# Heresy motivation/ Loki's painting journey



## Loki1416 (Apr 20, 2010)

Ok fellow heretics, I need your collective motivation. No prizes or threats or anything like that, just chime in and tell me what YOU want me to paint. I have so many models sitting here that when I pick something to work on, I think of something else, and then go work on that. It's like I have some ADHD when it comes to mini's. So, I'm going to leave it up to you all to decide what I work on for the week. 
How you may ask? Well, I'm going to list everything that I have. All you have to do is say what YOU want to see painted. Starting on monday, I will work on that project only, until the following sunday, when I will take your next pick and start working on that. I'm not going to do a poll for this as there would just be too many options. So all you have to do is just pick something from the list, drop a comment, and every sunday I will count up the latest posts, announce the new weeks project, and get to work. Be specific if you want (I.E. the RW bikers) or broad (I.E. Dark Angels).
If you all do your part in telling me what to paint, I will do my part in painting said items AND I will post pictures of them every week in this plog. Sound good? Good!
Here is the list to choose from:
40k
Dark Angels: 20+ TEQ, 60+ MEQ, 30+ RW bikers, 10'ish vehicles
CSM (Crimson slaughter): 10+ TEQ, 30+ MEQ, 10 bikes, 5 vehicles
Tau: 3 Riptides, 60+ infantry, 10'ish vehicles, 2 broadsides, 6 pathfinders
Knights: x2
Ultra Marines detachment
GK (currently being stripped and put back together)
Necrons: About 5k worth sitting waiting for the paint gods to bless them.
Deadzone:
Enforcers, Rebs, Marauders, Plague, Zombies, Scenery
Wrath of Kings:
Shael Han, Nasier, Teknes, Goritsi, Hadross (Each on of these is the house and contains roughly 40'ish mini's per house)
Infinity:
Massive mix of mini's. Really just bought what I liked the look of.
Zombicide:
Season 3 mini's (still waiting on wave 2 to get here)
Bones 2:
I bought it ALL in this KS. So there are a ton of dragons and what not.
Dreadball xtreme:
Did the KS as well on this and got everything. Some stuff is still shipping but I have most of it.


----------



## Khorne's Fist (Jul 18, 2008)

Riptide to start with.


----------



## Nordicus (May 3, 2013)

Chaos all the way; do the 10 marines there. 

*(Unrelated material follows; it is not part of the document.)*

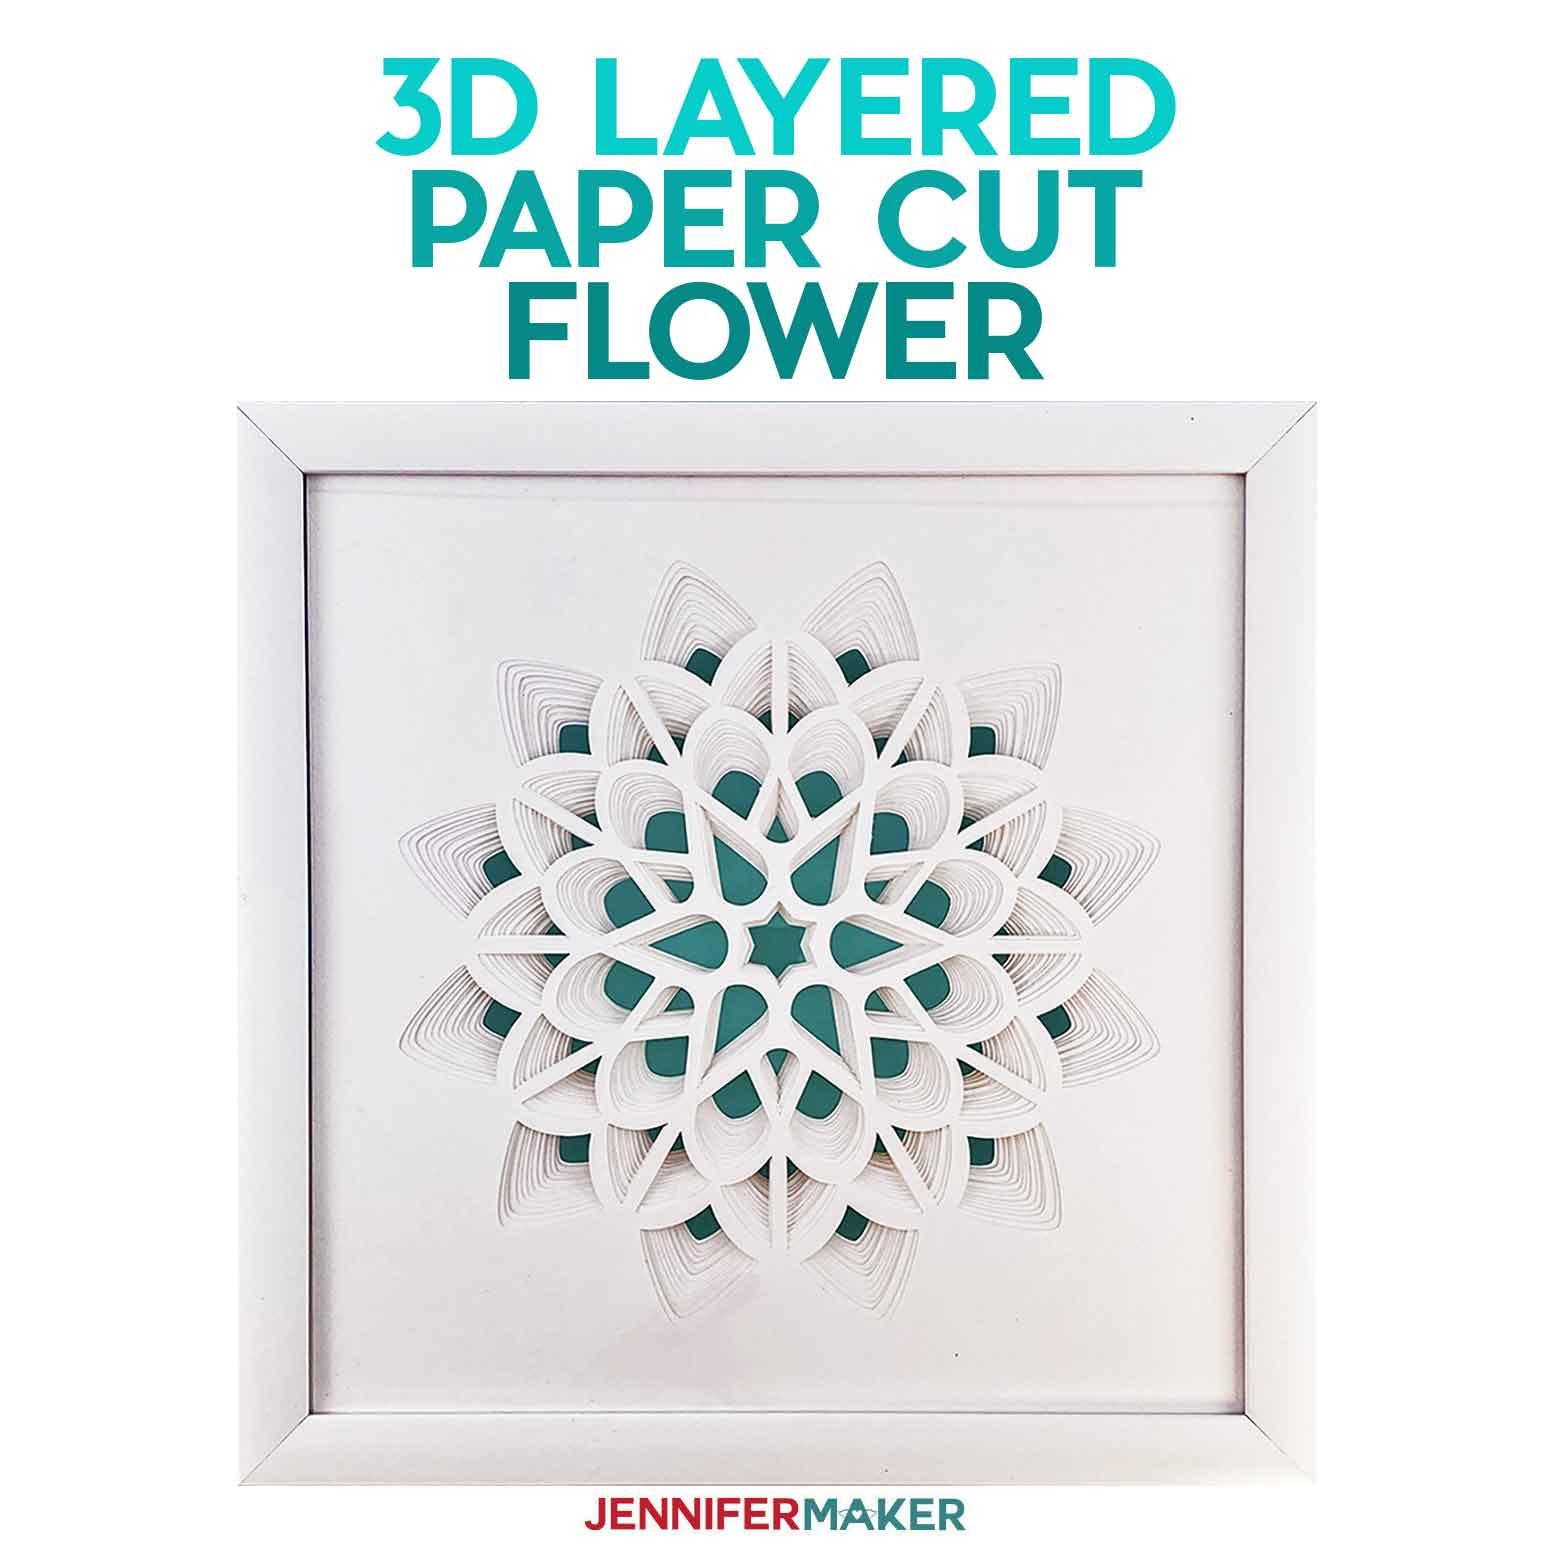 3d Layered Paper Cut Art The Flower Jennifer Maker

I like this way of approaching a large unpainted selection of models. If you need anything more from me go help you get motivated, let me know.


----------



## Relise (Nov 27, 2011)

Go for Tau - we don't see a huge amount of that painted on here


----------



## neferhet (Oct 24, 2012)

This is a serious amount of minis... i'd say chaos or deadzone minis...you would be one of the first to post a painted deadzone batch, i think!


----------



## Matcap (Aug 23, 2012)

To add to the confusion: Dark Angel vehicles or a Knight! I could use inspiration for my own stuff :grin:


----------



## Roganzar (Feb 16, 2014)

That's a terrifying amount of minis.

That said, KNIGHTS


----------



## Loki1416 (Apr 20, 2010)

When I went to bed last night, checked to see if anyone had said anything. Khorne's fist said Riptides, so dug them out before I went to sleep. Will be working on those for this week!


----------



## Khorne's Fist (Jul 18, 2008)

Loki1416 said:


> When I went to bed last night, checked to see if anyone had said anything. Khorne's fist said Riptides, so dug them out before I went to sleep. Will be working on those for this week!


:victory:


----------



## Loki1416 (Apr 20, 2010)

Quick update:
It would appear that I only have two riptides, not three like I thought (meant to buy a 3rd, guess I forgot to). After pulling them out I realized that I needed to do some work on them still. As of now, they are primed and have two layers of base coat on them. A 3rd will go on tonight and tomorrow the other colors start getting mixed in. Since the arms are magnatized, they are being done seperate and after the bodies are done. Not going to leak how I'm painting them until sunday when I put pictures up. But I will say that winter is coming...


----------



## Loki1416 (Apr 20, 2010)

Well I atleast got started painting. Sadly, my airbrush broke. Good news is that I got a new one being delivered tuesday. Since I had to buy a new one, figured I'd upgrade. Got a nice Grex about to be added to my inventory!
So, what's next? What will you have me work on?


----------



## neferhet (Oct 24, 2012)

Loki1416 said:


> my airbrush broke


The Gods are against you!!!


----------



## Nordicus (May 3, 2013)

Loki1416 said:


> What will you have me work on?


I stand by my previous statement:



Nordicus said:


> Chaos all the way; do the 10 marines


----------



## Iraqiel (May 21, 2008)

A second for Chaos, but I'll be more specific - give us some evil, twisted Word Bearers to give us nightmares!


----------



## Loki1416 (Apr 20, 2010)

All right, CSM it is!


----------



## Loki1416 (Apr 20, 2010)

Well I'm pulling a muligan for this week. Been playing some video games and was working on a new knight I bought. I di test paint up 5 CSM, but didn't get the effect that I was going for, so they are now sitting in some detol. I'm gonna take this week to get this 3rd knight ready and hopefully before next sunday, will start painting all 3.


----------